Output the complete listing exactly, please, and keep the pictures out of it.

[DATA PROVIDED Boundary: Start]

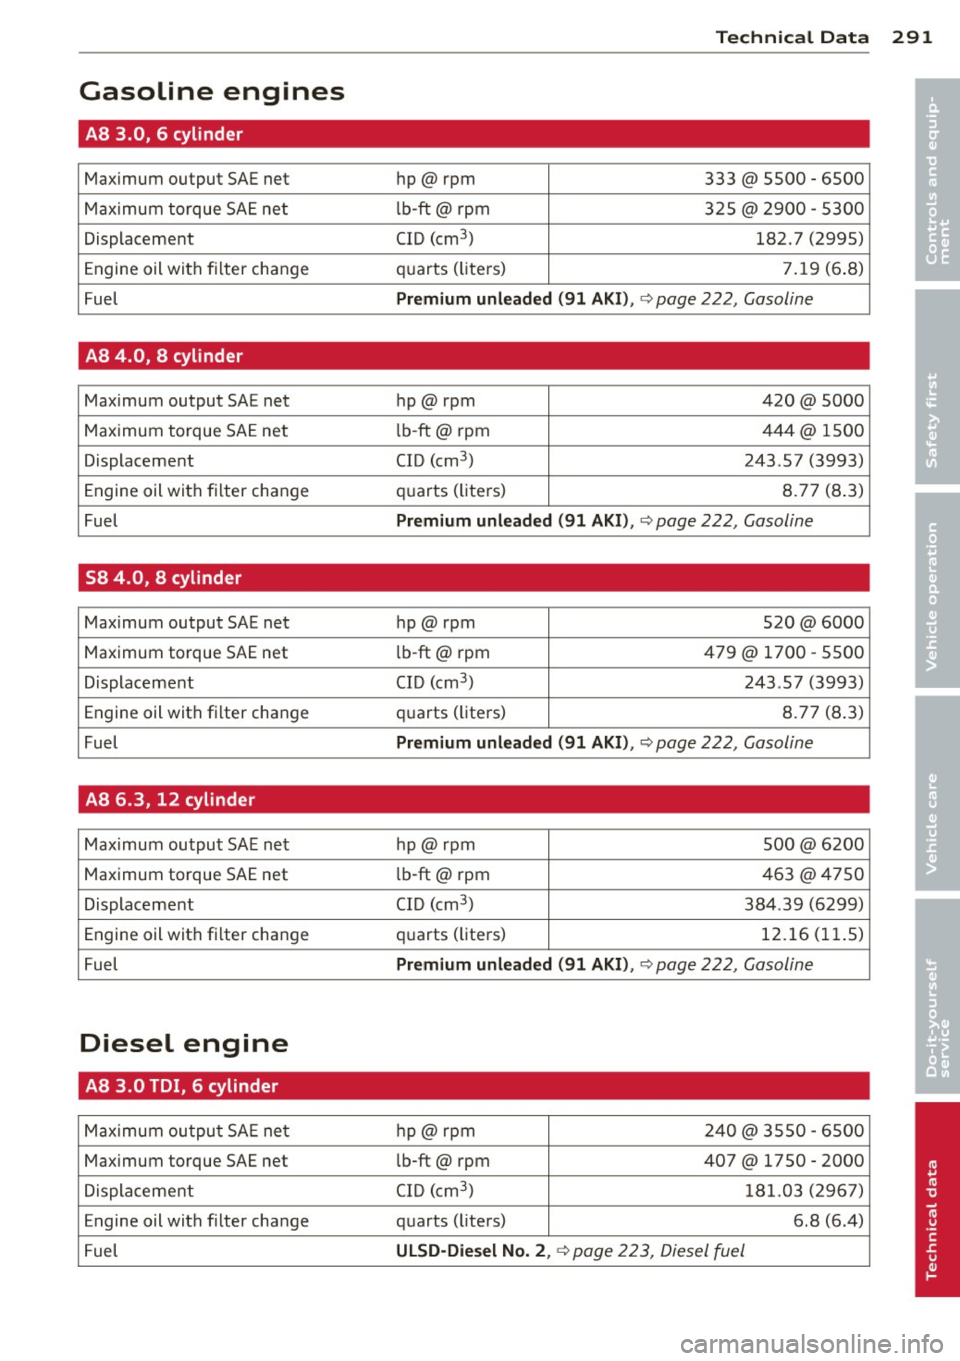 AUDI A8 2014  Owners Manual Technical  Dat a 291 
Gasoline  engines 
• 
AB 3.0,  6  cylinder • 
Maximum  output  SAE net  hp@rpm 333 @ 5500  -6500 
Maximum  torque  SAE net  lb-ft@  rpm  325@  2900  - 5300 
Displacement  CID
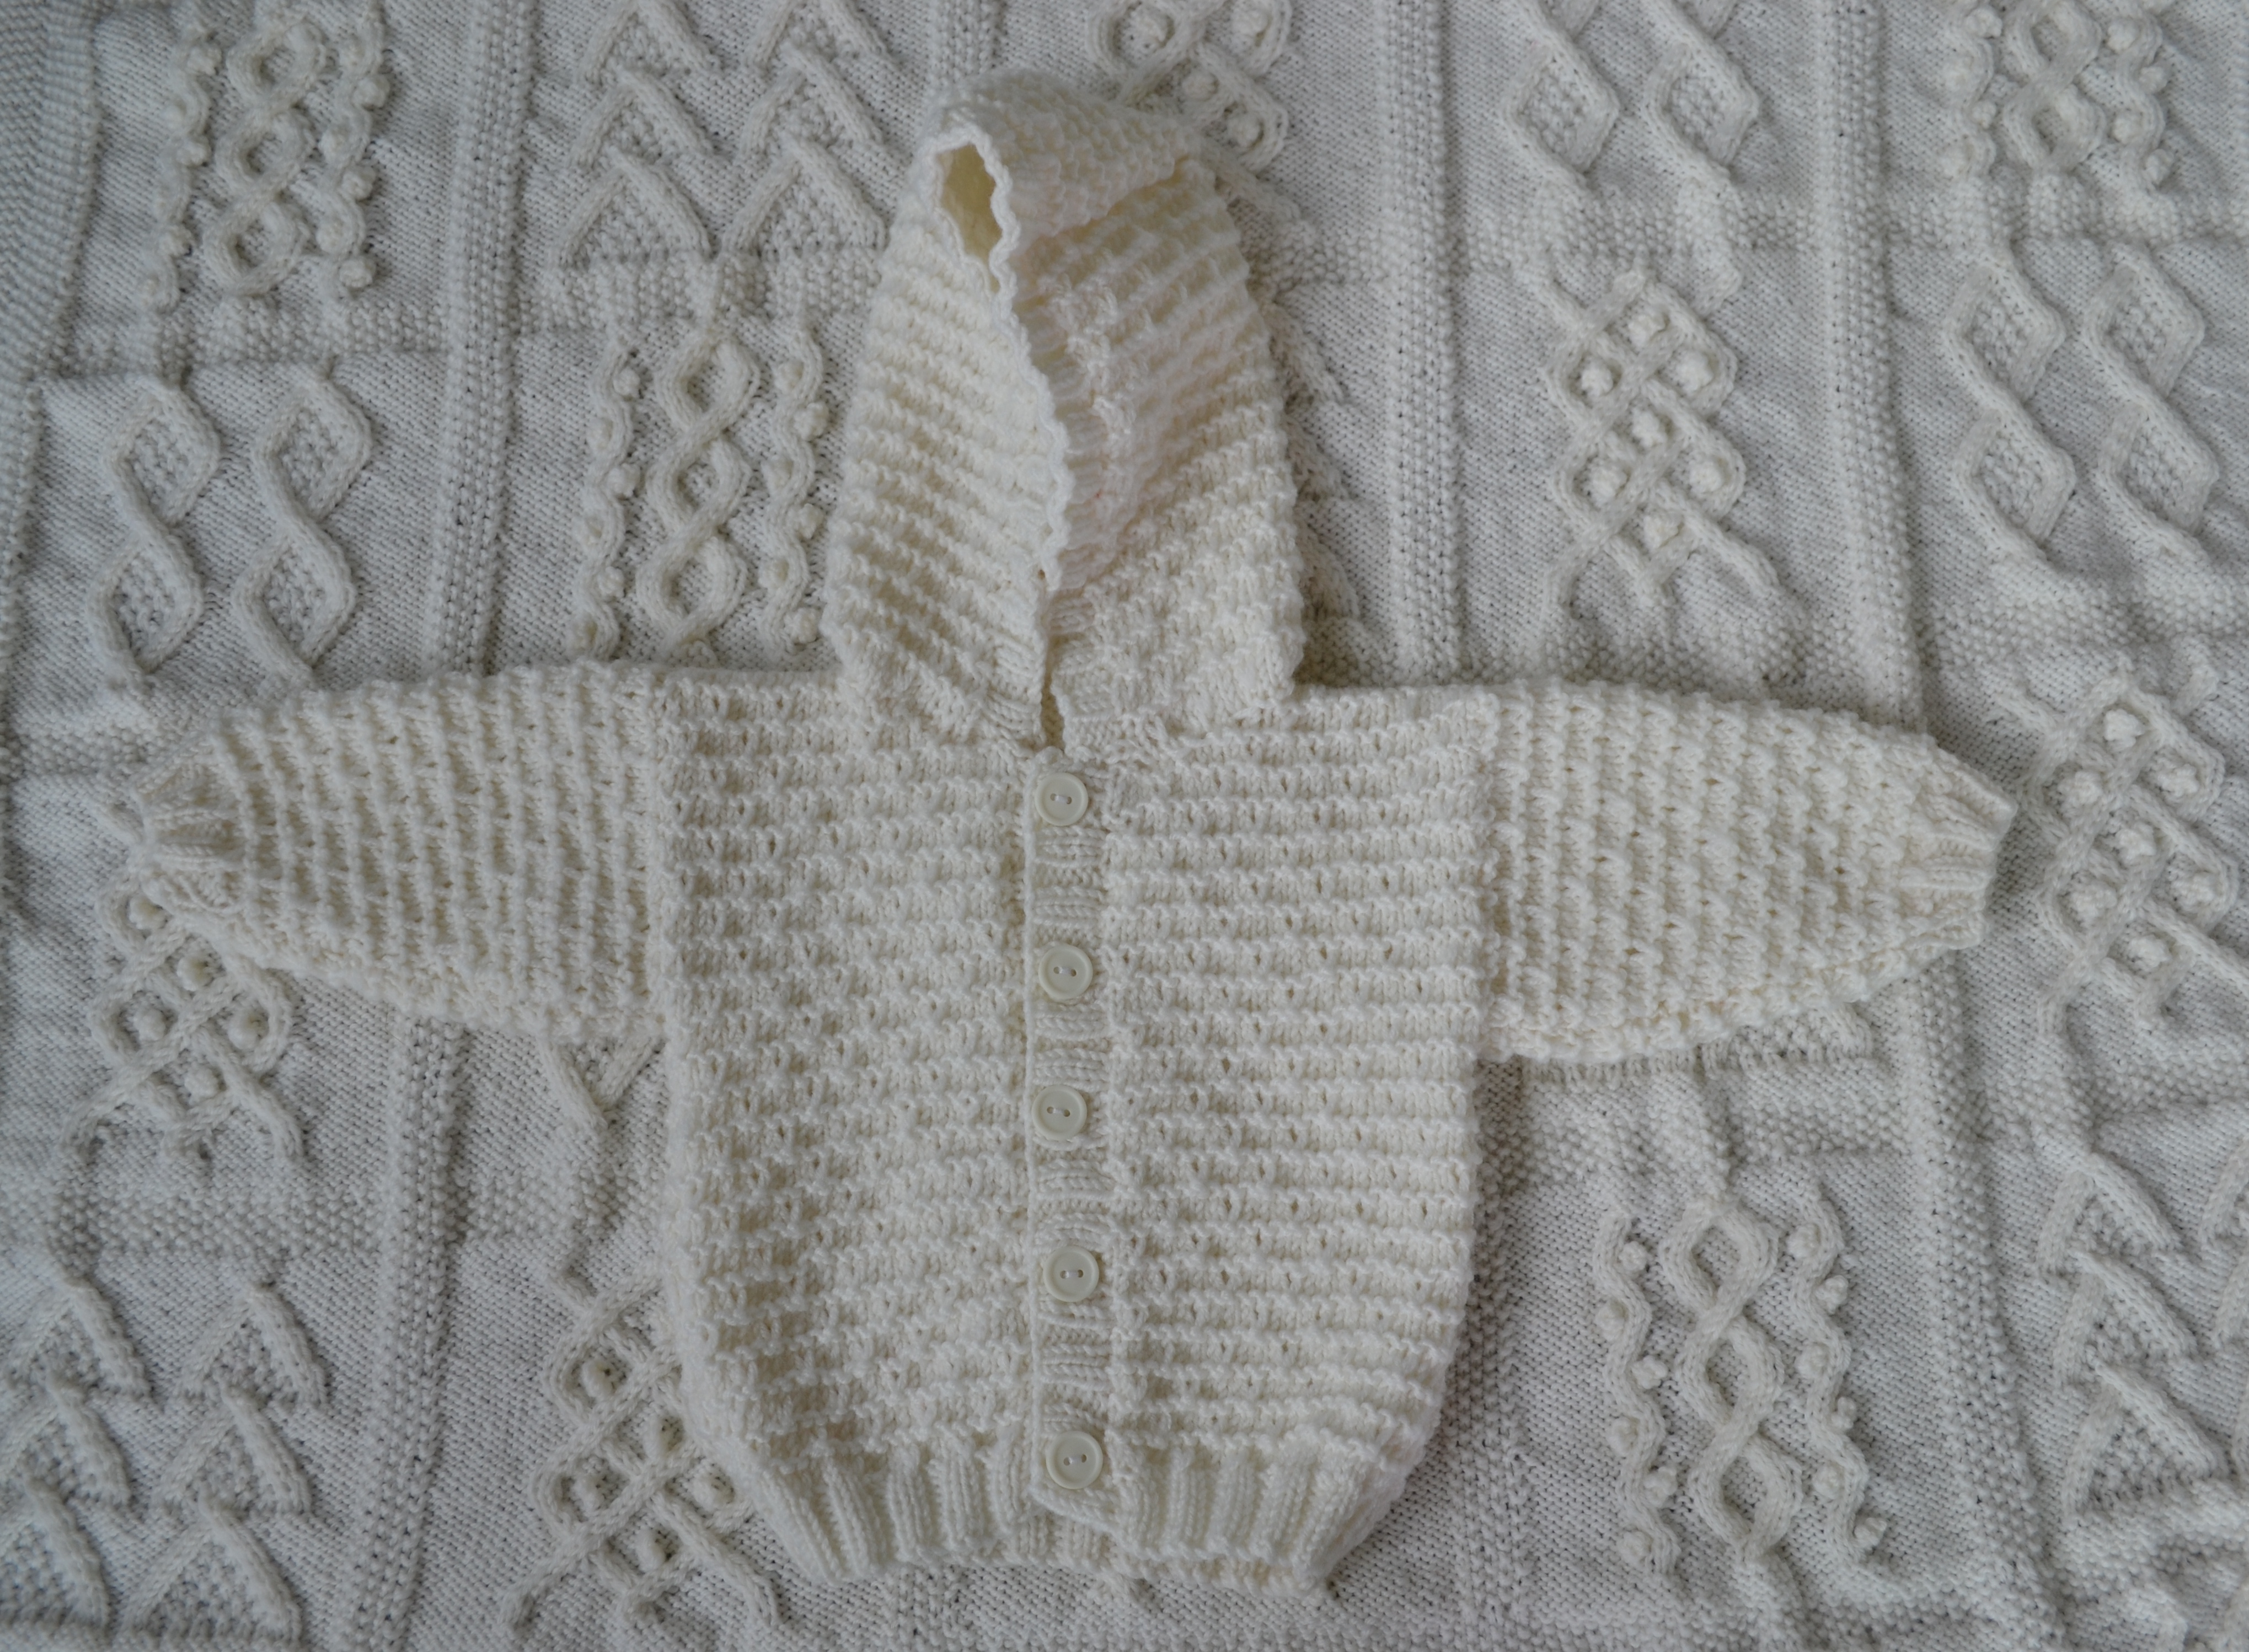 Newborn Knit Patterns Free Knitting Patterns For Newborn Sweaters

[DATA PROVIDED Boundary: End]

_EXERCISE RESPONSE_:
 AUDI A8 2014  Owners Manual Technical  Dat a 291 
Gasoline  engines 
• 
AB 3.0,  6  cylinder • 
Maximum  output  SAE net  hp@rpm 333 @ 5500  -6500 
Maximum  torque  SAE net  lb-ft@  rpm  325@  2900  - 5300 
Displacement  CID
 Newborn Knit Patterns Free Knitting Patterns For Newborn Sweaters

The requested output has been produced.